**What is being asked:**
For this exercise, copy exactly only the lines from the one containing "Feedmore WNY, YMCA team up to fight hunger" to the final line of the material below, without the pictures.

━━━ Stored data ━━━

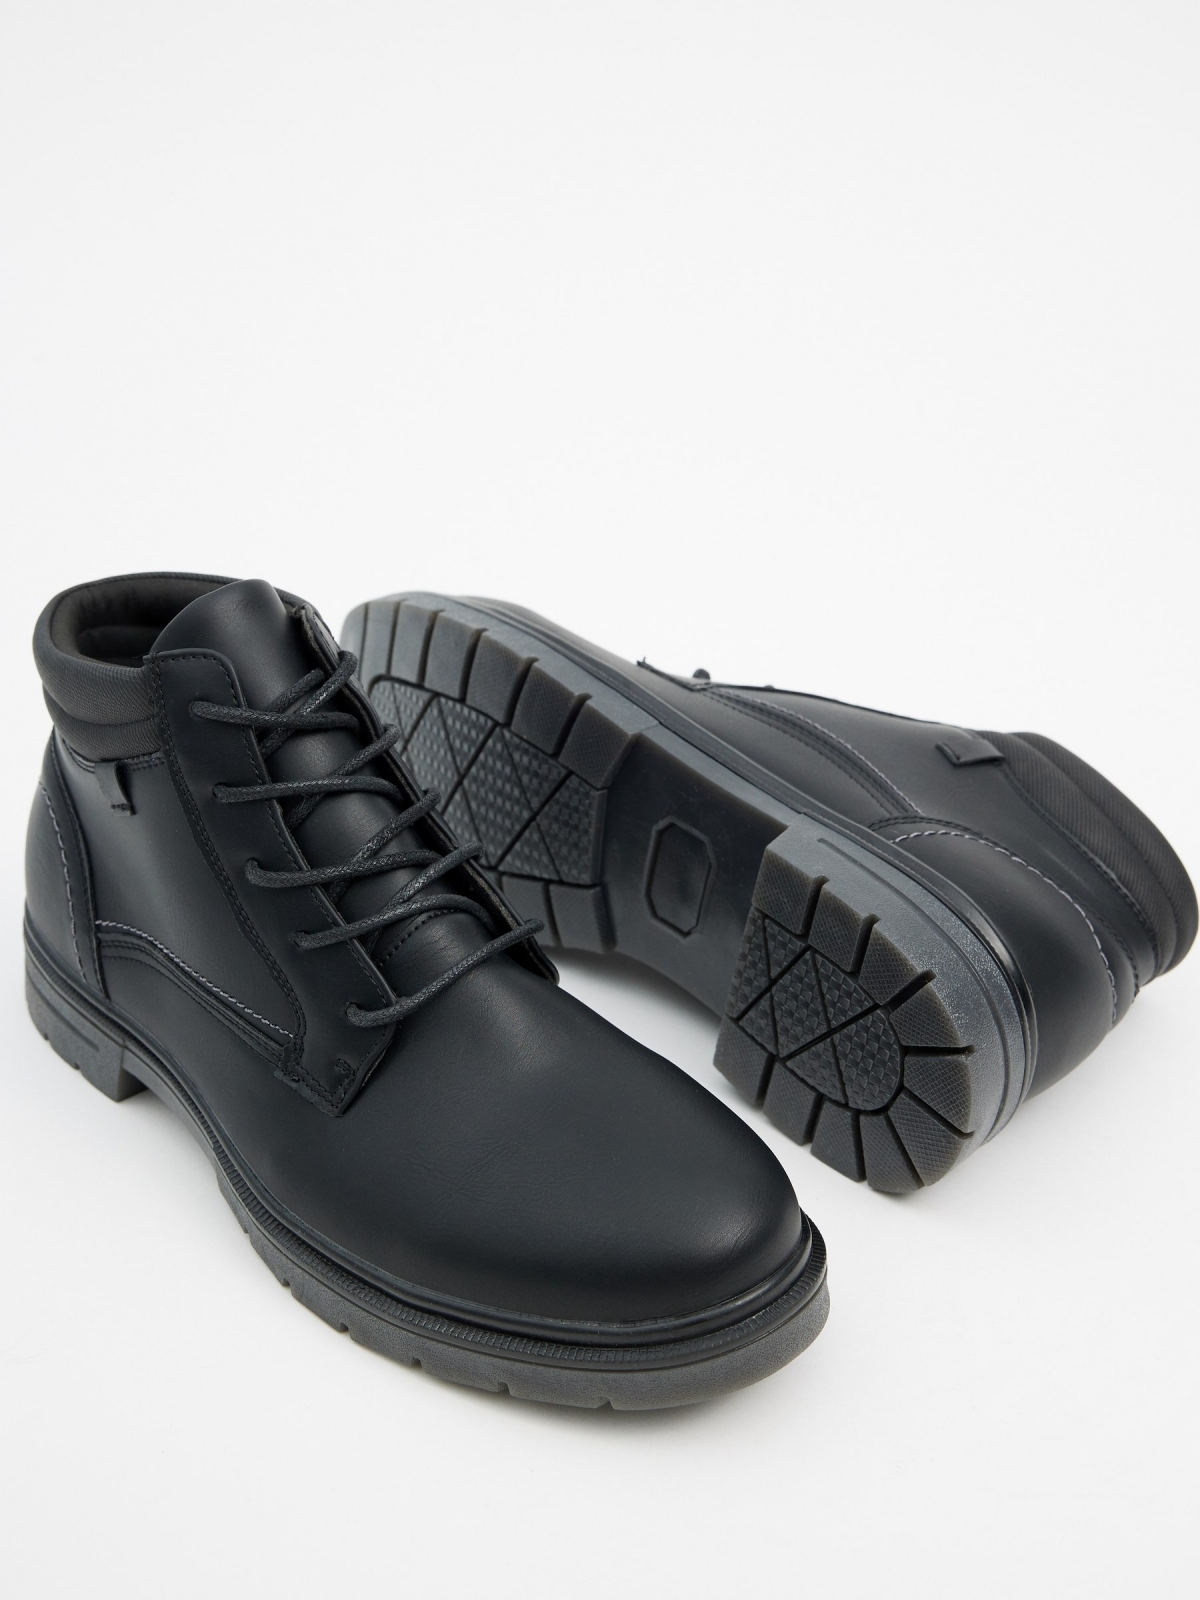 Black leather effect boots with stitching black detail view
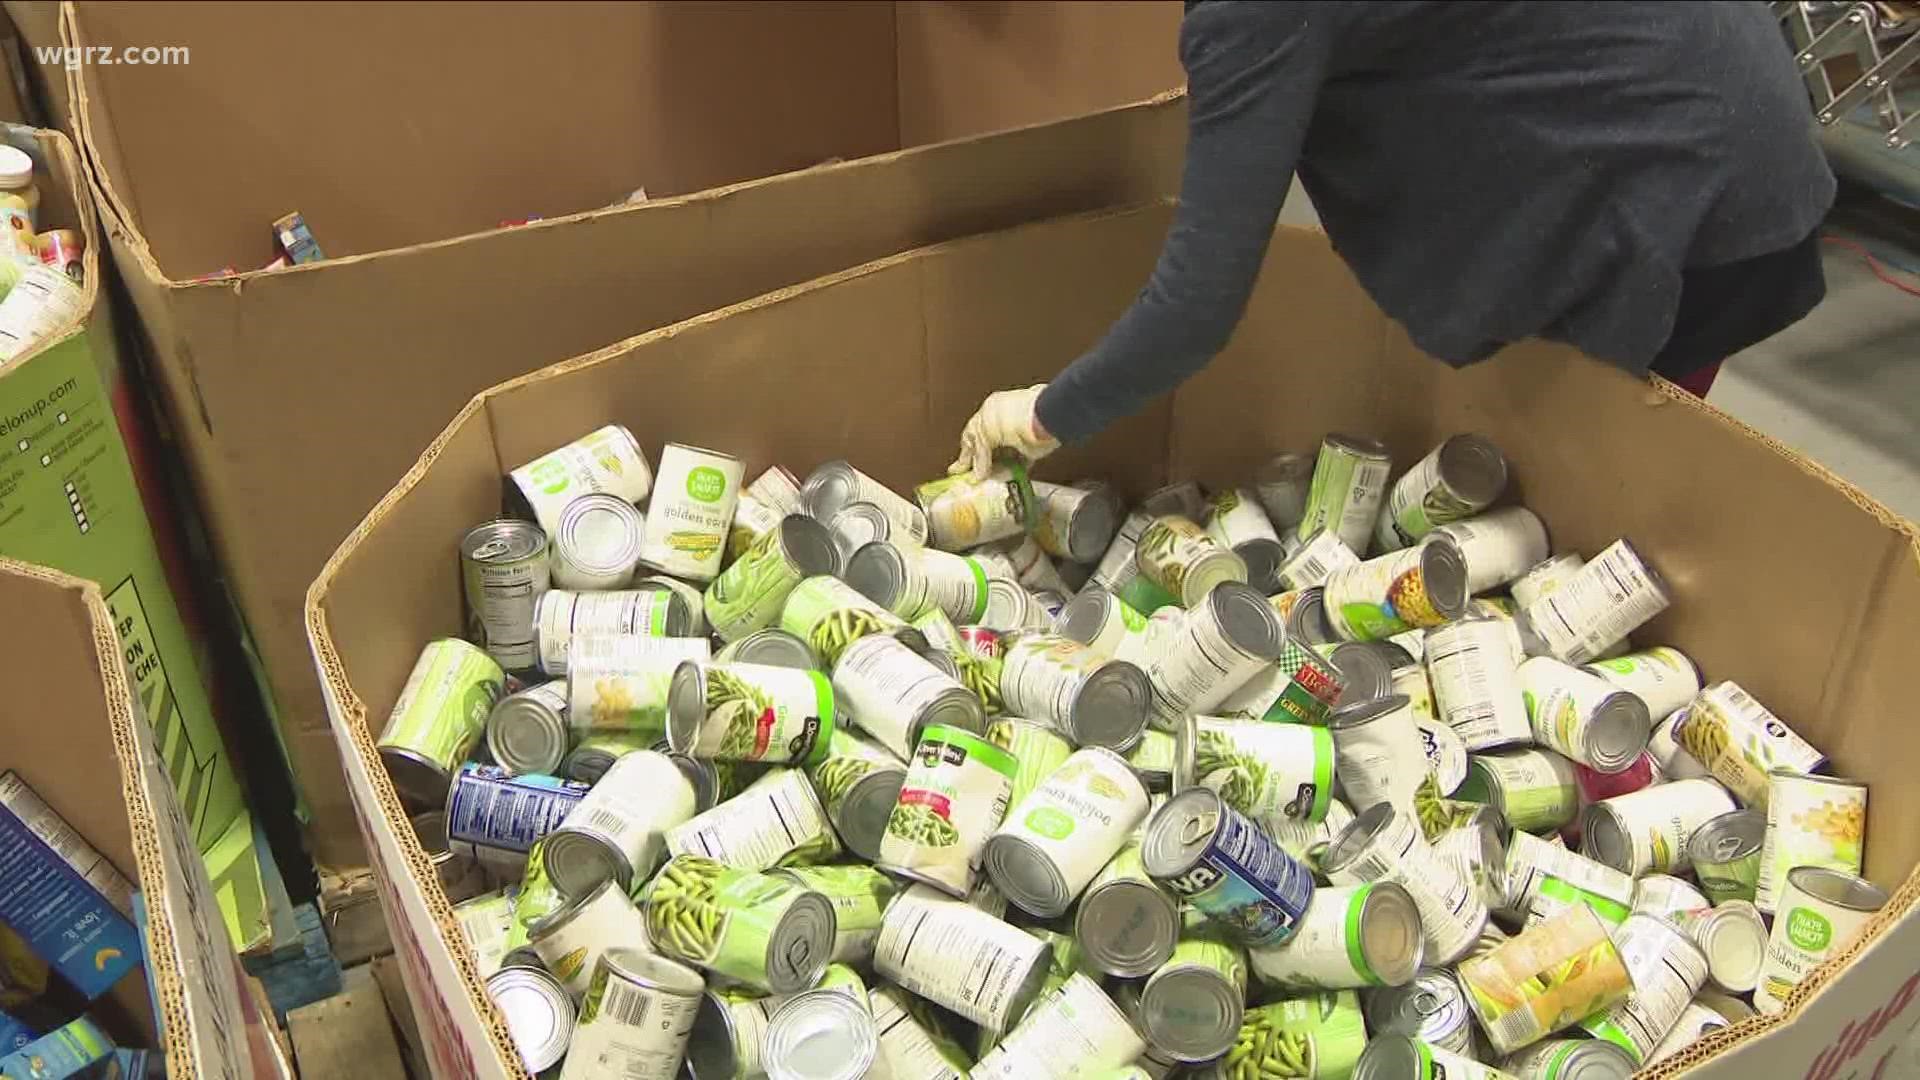 Feedmore WNY, YMCA team up to fight hunger
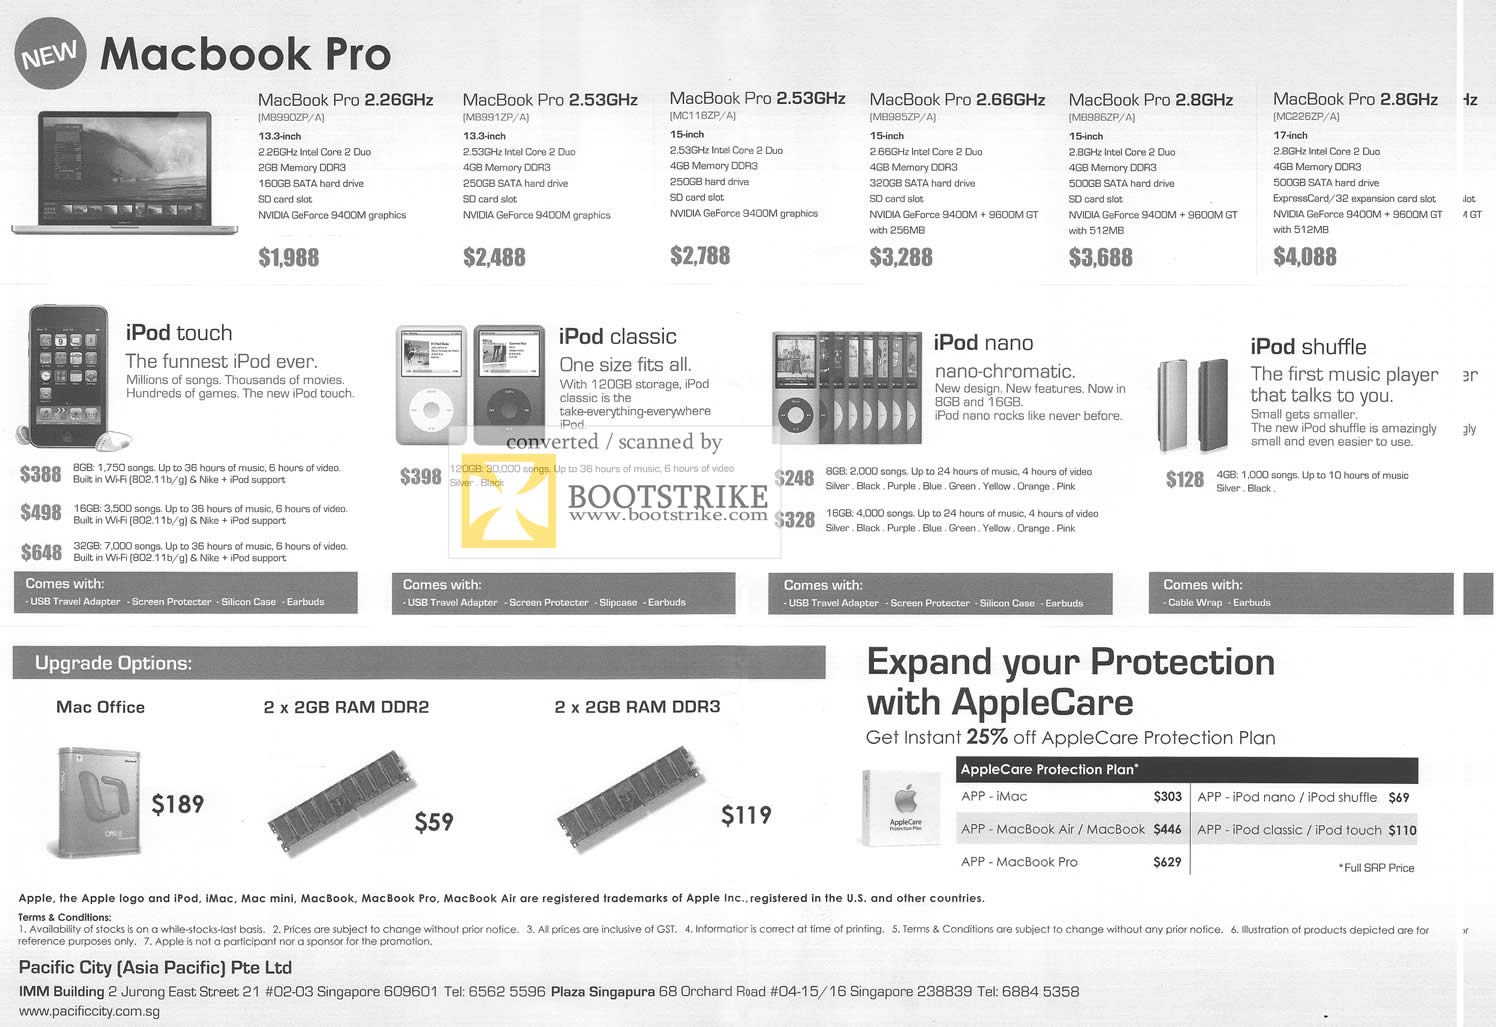 PC Show 2009 price list image brochure of Apple Pacific City MacBook Pro IPod Touch Classic Nano Shuffle

━━━

**Exercise response:**
 Feedmore WNY, YMCA team up to fight hunger
 PC Show 2009 price list image brochure of Apple Pacific City MacBook Pro IPod Touch Classic Nano Shuffle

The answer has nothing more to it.